There are times when it very much feels like - even when we are moving forward - we're still spinning our wheels.
Take Highways Minister Don McMorris's recent announcement of a pilot project that will convert thin-membrane surface (TMS) paved highways into supergrid roads that will better accommodate heavy oil tanker and grain haul traffic.
It's a very good idea.
The idea of these "supergrids" - wider and stronger grids capable of withstanding the heavier truck traffic than thin membrane surface (TMS) or regular grid roads - was unveiled in the March 19 budget.
"What we're doing is we're starting more or less from scratch and we're engineering the road to be a strong base that will carry primary weight," McMorris explained.
The new initiative will begin with two pilot projects totalling about 37 kilometres - 31 kilometres of Highway 361 from the junction of Highway 9 east to Alida and 5.5 kilometres of Highway 47 about 20 kilometres north of Stoughton. Oil tankers have been particularly brutal on these roads.
"It's been in bad shape for about 20 years and it's getting worse and worse," Dennis Hull, councillor for the RM of Alida, recently told reporters.
Costing about $400,000 a kilometre, that will total $14.8 million for the 37 kilometres , supergrids are about half the normal paving cost.
If successful, McMorris suspects a much higher portion of the provincial highways budget - $664.5 million in 2014-15 - will be going to supergrids in the future.

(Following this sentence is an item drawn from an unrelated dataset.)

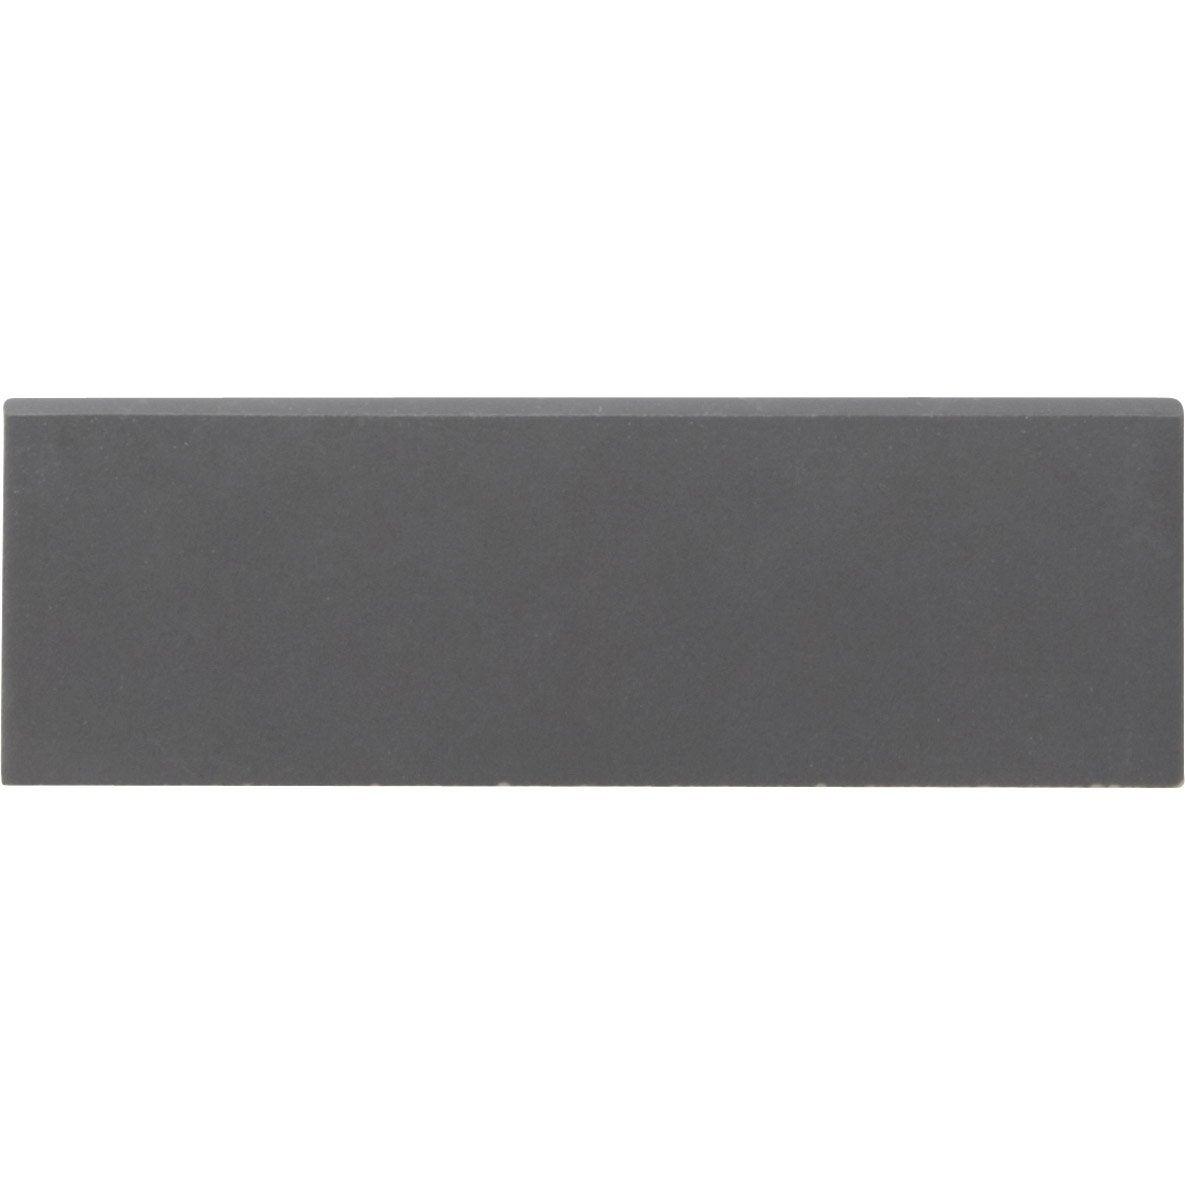 Lot de 6 plinthes gatsby noir l 6 5 x cm leroy merlin - Leroy merlin frise carrelage ...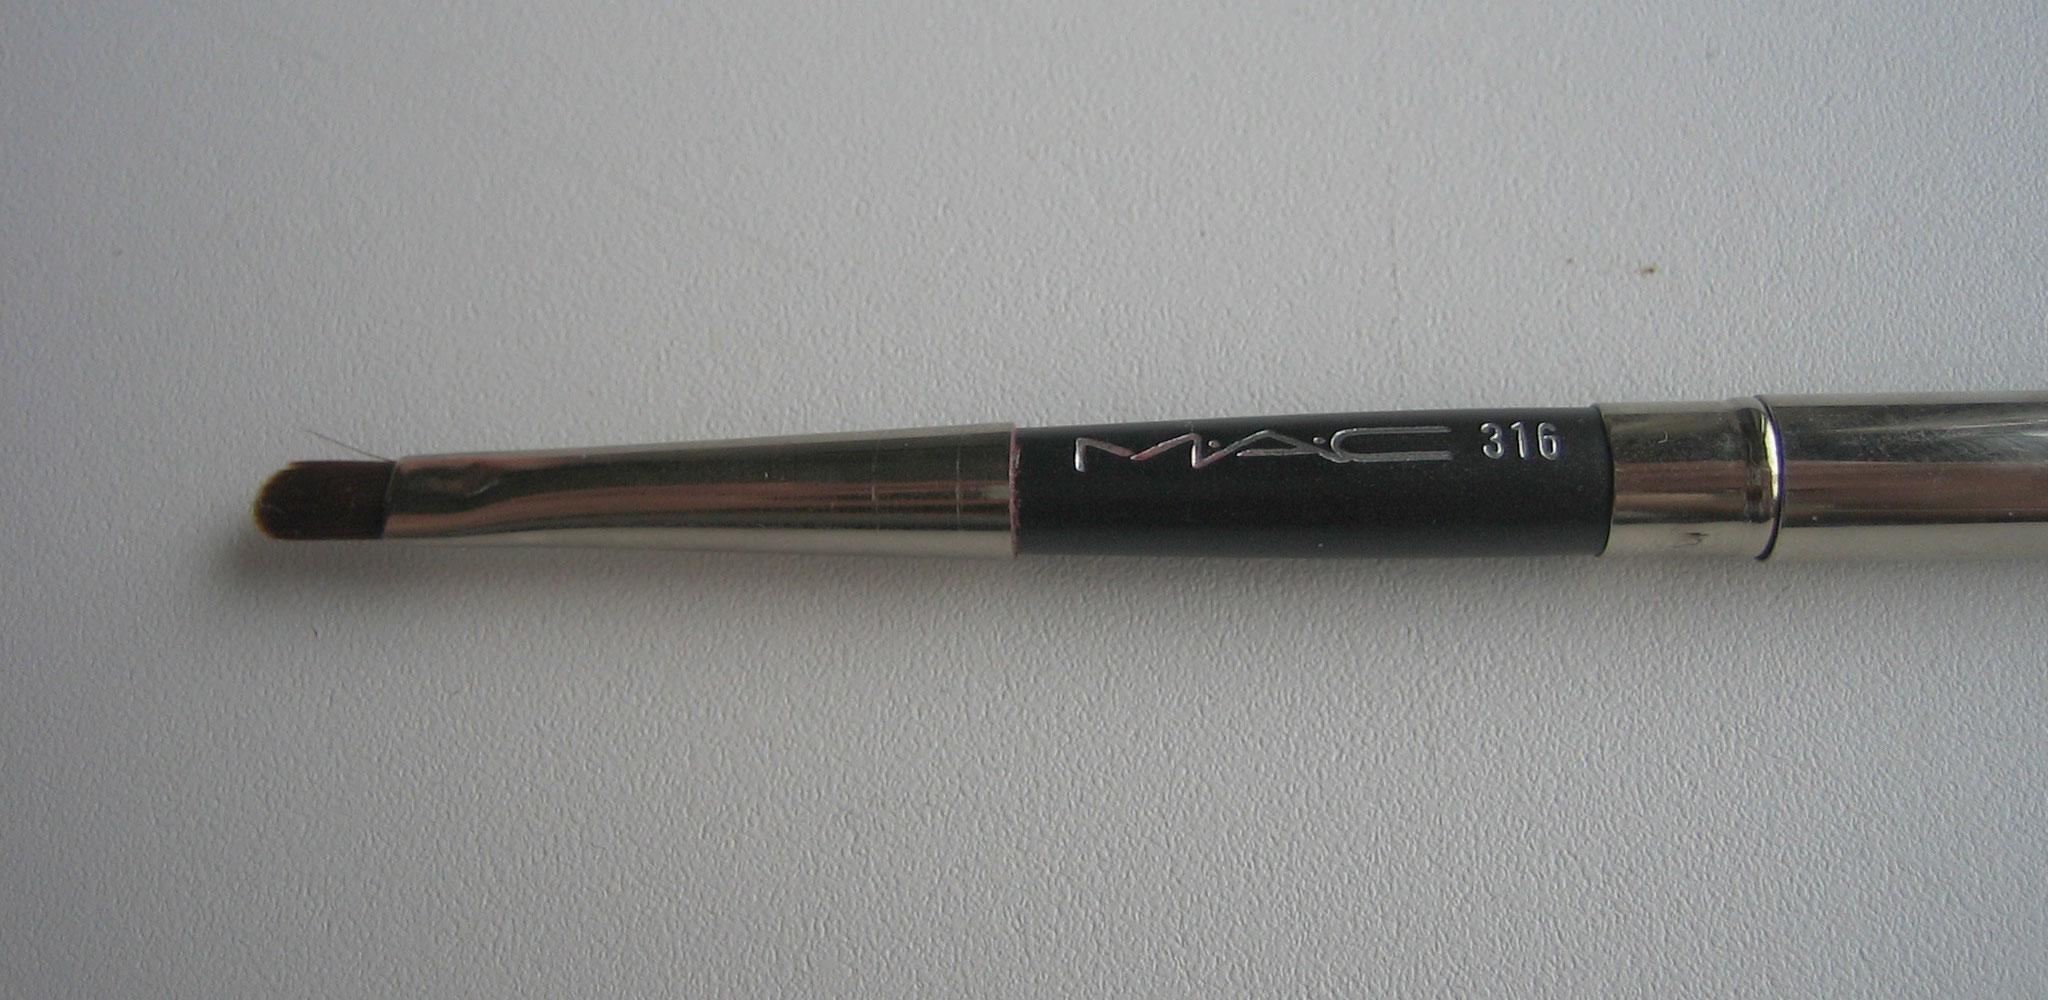 mac316

And given that both Manitoba and Alberta have already had success with supergrids, there`s every reason to believe they will be successful.
But all this begs another important question: Why wasn`t this done before?

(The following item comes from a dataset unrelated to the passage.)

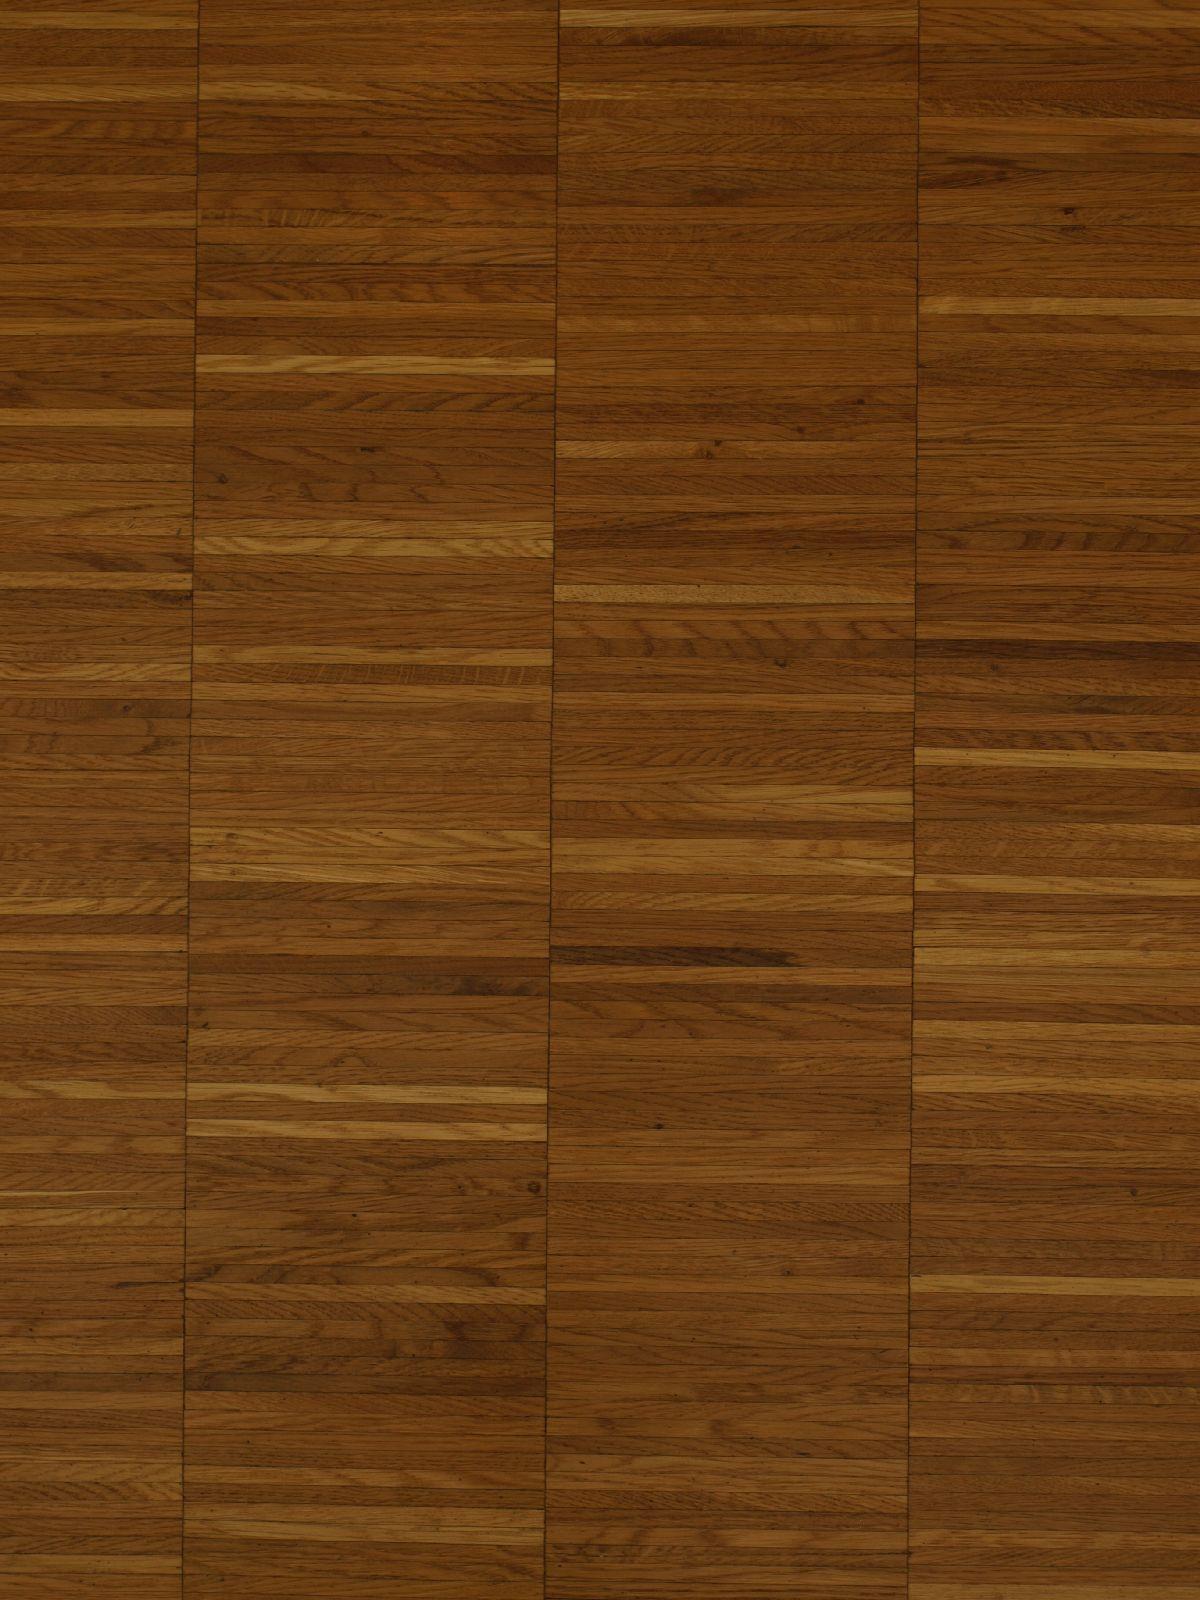 Wood_Texture_A_P4282774

Well, you may recall that there similar notions put forward 20 years ago by an NDP government desperate to save cash and deal with the debt left behind by the Progressive Conservatives.
Around in 1993 when then-NDP highways minister Berny Wiens first contemplated "turning highways back to gravel".
You also might remember the vehement opposition at the time, strictly based on the notion that this would be a step backwards.
Admittedly, the talk at the time from the NDP government wasn't about a better alternative to the TMS highways - a bad idea in the first place that showed little foresight.
Many will also remember that period as one where rural Saskatchewan was already angry with the then Roy Romanow government for breaking the Gross Revenue Insurance Plan (GRIP) contracts with farmers and closing 52 rural hospitals. So even if Wiens had a better, bolder plan at the time, rural Saskatchewan was certainly in no mood to listen.
But maybe that's one of the big problems in this province - one of the things that held Saskatchewan back for so many years.
Yes, rural Saskatchewan has ample reason to criticize the New Democratic government of the past. By the end of its 16-year run, the NDP felt no need to either field serious candidates or campaign in the rural areas.
But we all know that rural Saskatchewan has never looked to the NDP - or any governing party in Regina, for that matter - for its leadership.
Surely, sometime in the 16 years of NDP leadership or the last seven years of Sask. Party governance, someone from the Saskatchewan Association of Rural Municipalities could have championed an idea like supergrids. And, surely, any government would have supported, if it saved costs.
But as big a problem as it is to get governments to listen, getting local leadership to think beyond the confines to the township might be an even bigger problem.
And in a growing, changing province, we do need to think differently.
Unfortunately, as has been the case with the supergrids, we are sometimes just spinning our wheels.
Murray Mandryk has been covering provincial politics for over 22 years.